The deformation at a specified position \(x \in \mathbb {R}^3\) is given by \(y(x) = x+u\left( x\right) \), with spatial displacement u. One criterion to be considered in order to evaluate the physical behavior of the deformation field is the determinant of the Jacobian matrix of the deformation field [21]. It provides information about volumetric changes and transformation consistency. A Jacobian determinant equal to one indicates volume preservation. A Jacobian determinant greater than one specifies volume increase; a value between zero and one specifies volume decrease. A negative value indicates foldings of the deformation field and a physically implausible deformation. Hence, one aims for a positive determinant of the Jacobian. We investigated the number of foldings of the deformation field and the mean minimum and maximum Jacobian determinants.

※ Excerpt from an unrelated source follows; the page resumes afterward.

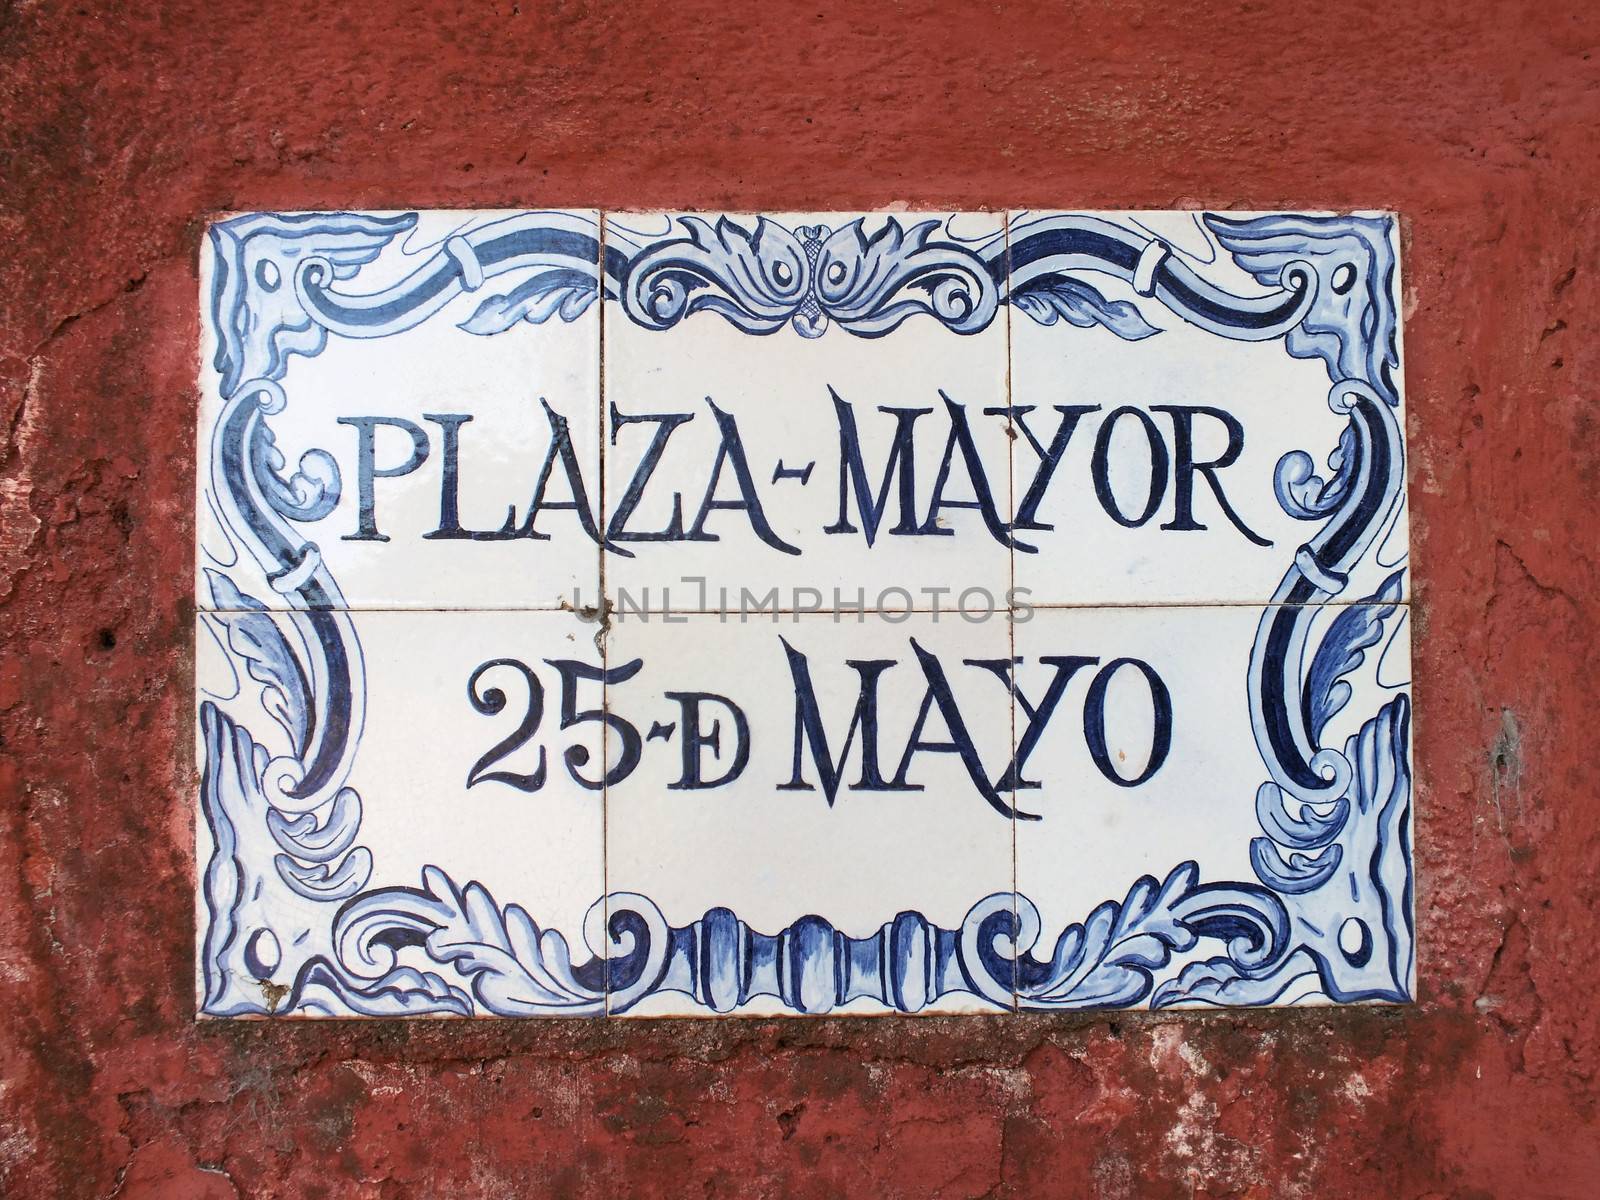 The town on Colonia del Sacramento was founded in 1680 by Portugese and retains many of its old Portuguese history such as this tiled street sign.
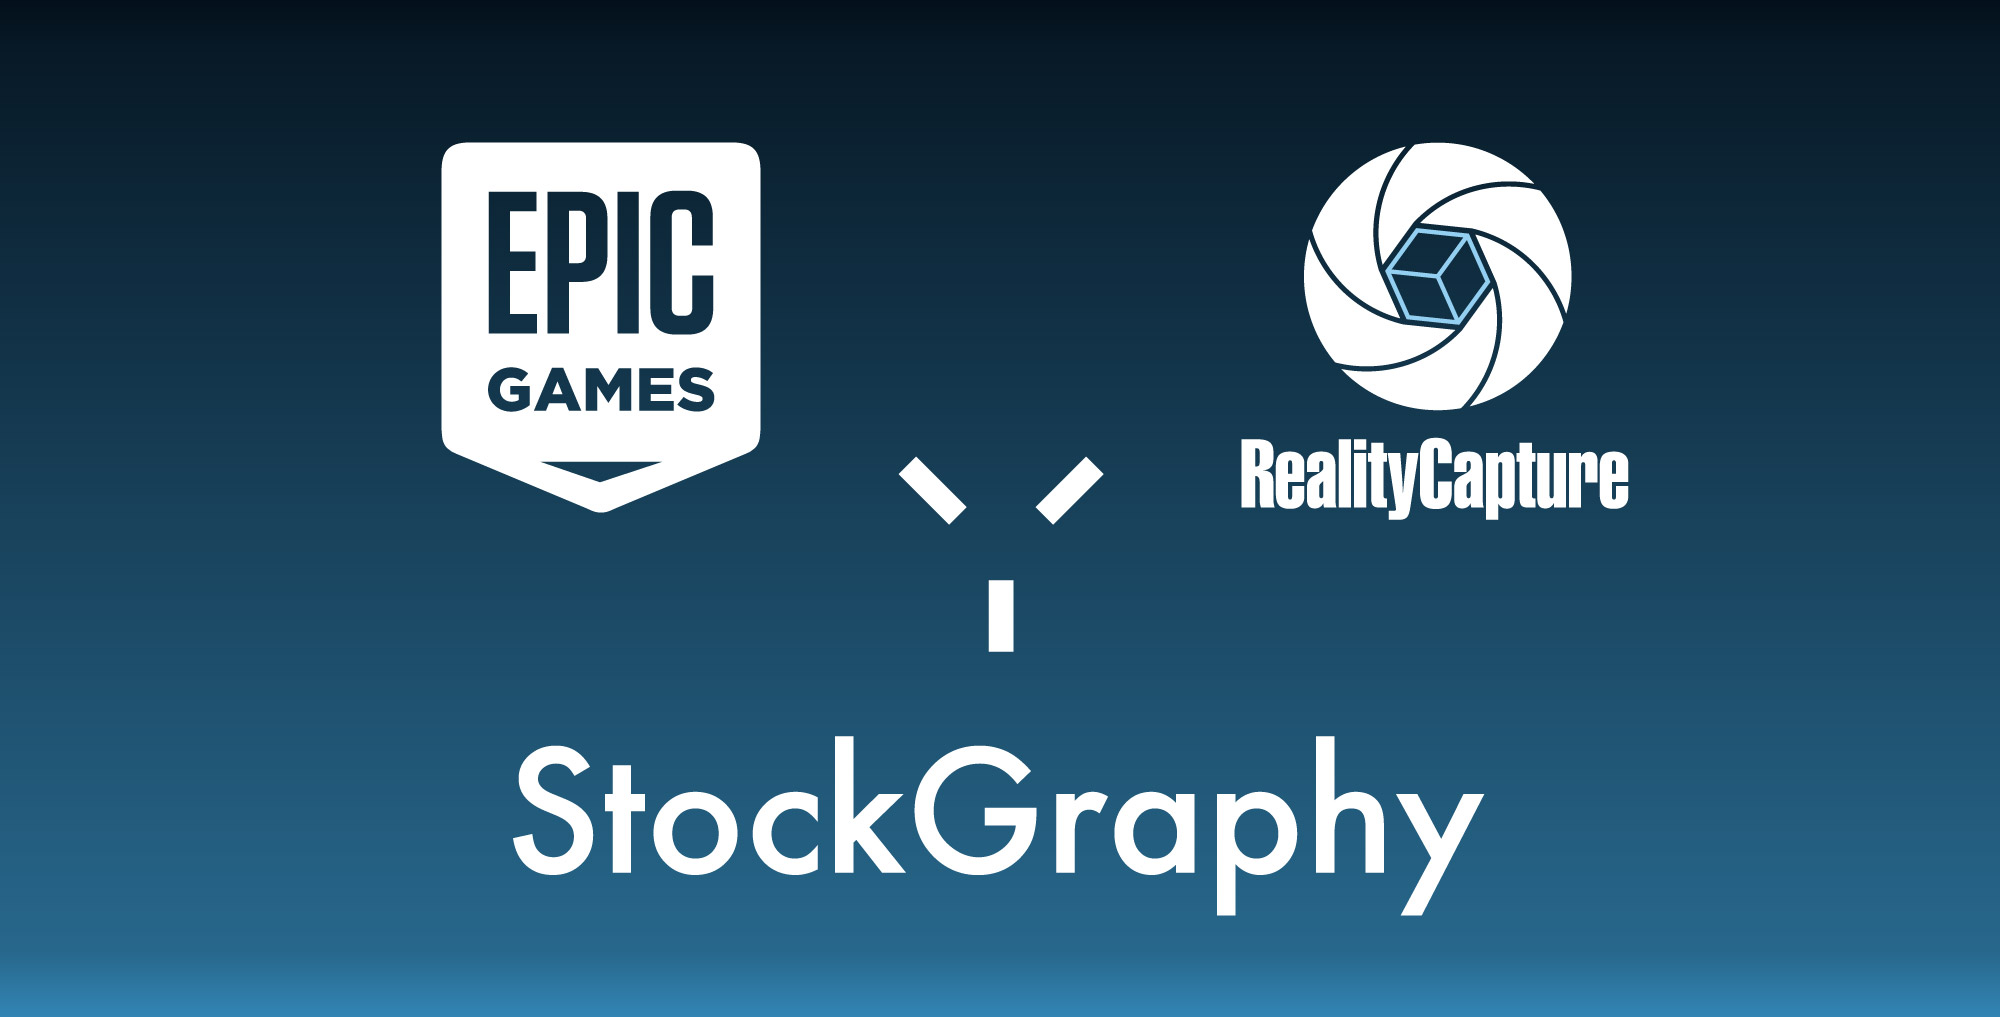 StockGraphy and Epic Games conclude reseller agreement of RealityCapture.

Volume control or compressibility can be expressed by the divergence of the displacement field [21]. From a physical point of view, it represents the volume density of the outward flux. We investigated the average absolute divergence of the calculated deformation fields.

The smoothness or regularity of the deformation field can be quantified by the harmonic energy \(\text {HE}\). It is defined as the average over all voxels N of the squared Frobenius norm of the Jacobian of the displacement field on spatial domain \({\varOmega }\subset \mathbb {R}^3\) [26, 32, 34],

$$\begin{aligned} \text {HE} = \frac{1}{N} \sum \limits _{{\varOmega }}^{} \left||\nabla u \right||^2_{F}, \end{aligned}$$

and is inversely proportional to the smoothness of the deformation field.

Correlations between local distributions of the Jacobian determinant, the divergence, and harmonic energy maps were also investigated by means of the normalized cross-correlation (NCC) [2].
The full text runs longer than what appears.